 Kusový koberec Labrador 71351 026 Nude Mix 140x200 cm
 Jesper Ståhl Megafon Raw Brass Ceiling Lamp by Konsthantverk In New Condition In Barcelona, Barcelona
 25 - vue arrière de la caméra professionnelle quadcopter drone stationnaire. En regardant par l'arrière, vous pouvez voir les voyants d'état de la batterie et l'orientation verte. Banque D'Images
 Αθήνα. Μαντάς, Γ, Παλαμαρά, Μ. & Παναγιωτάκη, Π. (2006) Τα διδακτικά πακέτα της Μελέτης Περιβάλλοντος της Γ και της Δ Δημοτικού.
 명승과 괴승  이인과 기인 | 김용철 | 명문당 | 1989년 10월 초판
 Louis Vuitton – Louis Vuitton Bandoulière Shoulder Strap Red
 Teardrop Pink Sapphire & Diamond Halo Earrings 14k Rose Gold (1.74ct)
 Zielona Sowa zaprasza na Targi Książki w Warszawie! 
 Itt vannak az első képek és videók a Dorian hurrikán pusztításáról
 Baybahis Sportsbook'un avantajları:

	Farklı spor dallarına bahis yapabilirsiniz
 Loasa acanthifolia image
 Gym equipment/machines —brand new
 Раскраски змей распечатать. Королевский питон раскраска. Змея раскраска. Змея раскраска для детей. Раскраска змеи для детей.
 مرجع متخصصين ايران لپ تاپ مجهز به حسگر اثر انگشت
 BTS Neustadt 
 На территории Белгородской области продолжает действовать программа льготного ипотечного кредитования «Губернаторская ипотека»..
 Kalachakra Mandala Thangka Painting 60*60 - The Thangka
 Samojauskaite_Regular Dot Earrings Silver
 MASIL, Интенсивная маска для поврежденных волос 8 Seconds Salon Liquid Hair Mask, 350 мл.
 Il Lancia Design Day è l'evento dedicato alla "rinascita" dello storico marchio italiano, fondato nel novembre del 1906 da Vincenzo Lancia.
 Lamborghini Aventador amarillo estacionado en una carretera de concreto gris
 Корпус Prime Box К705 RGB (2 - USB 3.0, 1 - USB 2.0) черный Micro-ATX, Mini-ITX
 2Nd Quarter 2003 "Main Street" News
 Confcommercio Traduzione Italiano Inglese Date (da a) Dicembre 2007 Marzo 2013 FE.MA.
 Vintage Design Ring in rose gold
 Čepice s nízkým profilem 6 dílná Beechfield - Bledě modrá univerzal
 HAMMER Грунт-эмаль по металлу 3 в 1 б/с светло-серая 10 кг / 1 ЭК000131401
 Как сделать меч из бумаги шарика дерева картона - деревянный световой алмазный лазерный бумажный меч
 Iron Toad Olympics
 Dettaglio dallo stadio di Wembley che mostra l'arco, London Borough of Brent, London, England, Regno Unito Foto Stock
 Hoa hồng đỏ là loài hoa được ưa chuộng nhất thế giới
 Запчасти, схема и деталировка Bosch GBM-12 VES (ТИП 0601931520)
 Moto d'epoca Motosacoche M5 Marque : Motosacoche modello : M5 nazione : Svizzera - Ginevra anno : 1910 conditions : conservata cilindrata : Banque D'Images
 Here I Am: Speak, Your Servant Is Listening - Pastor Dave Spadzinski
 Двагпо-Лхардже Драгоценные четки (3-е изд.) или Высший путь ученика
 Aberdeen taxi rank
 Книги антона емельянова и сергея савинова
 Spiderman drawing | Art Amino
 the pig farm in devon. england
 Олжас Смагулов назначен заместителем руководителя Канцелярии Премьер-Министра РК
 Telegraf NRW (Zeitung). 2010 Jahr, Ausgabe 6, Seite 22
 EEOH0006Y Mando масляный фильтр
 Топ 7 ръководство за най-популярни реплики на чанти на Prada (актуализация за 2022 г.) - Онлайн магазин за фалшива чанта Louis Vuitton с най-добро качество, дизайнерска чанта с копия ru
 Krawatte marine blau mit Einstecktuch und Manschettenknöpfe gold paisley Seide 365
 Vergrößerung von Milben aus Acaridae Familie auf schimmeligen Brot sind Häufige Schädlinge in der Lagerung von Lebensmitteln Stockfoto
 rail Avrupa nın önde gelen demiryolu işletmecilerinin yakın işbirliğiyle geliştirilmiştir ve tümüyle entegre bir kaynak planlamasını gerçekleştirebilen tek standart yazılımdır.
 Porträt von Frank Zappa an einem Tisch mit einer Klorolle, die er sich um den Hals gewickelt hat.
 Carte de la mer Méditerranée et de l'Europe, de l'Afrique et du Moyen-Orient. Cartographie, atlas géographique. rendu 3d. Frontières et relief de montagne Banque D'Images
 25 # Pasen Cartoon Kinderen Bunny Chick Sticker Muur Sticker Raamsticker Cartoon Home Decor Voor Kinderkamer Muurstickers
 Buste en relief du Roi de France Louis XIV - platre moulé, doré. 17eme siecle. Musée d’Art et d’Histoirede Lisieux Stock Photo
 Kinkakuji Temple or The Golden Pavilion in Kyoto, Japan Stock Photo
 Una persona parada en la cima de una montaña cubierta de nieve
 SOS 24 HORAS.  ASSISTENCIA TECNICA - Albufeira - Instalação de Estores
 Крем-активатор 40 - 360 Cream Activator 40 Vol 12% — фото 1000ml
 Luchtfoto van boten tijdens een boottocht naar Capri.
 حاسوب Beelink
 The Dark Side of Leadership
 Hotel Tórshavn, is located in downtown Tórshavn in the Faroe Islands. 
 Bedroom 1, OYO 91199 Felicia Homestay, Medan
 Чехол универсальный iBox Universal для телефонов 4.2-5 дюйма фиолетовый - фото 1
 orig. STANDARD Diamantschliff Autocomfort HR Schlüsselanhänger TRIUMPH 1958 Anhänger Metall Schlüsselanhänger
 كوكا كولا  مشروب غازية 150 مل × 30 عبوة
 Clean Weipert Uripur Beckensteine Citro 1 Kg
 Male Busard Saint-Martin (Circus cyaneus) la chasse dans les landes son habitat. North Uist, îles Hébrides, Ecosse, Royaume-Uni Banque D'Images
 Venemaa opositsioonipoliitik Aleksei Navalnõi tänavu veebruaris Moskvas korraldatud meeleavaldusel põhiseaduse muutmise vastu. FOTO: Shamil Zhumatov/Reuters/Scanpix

● ● ●

Each line of the records that holds the word "фото" should be copied out.

FINAL ANSWER:
 Крем-активатор 40 - 360 Cream Activator 40 Vol 12% — фото 1000ml
 Чехол универсальный iBox Universal для телефонов 4.2-5 дюйма фиолетовый - фото 1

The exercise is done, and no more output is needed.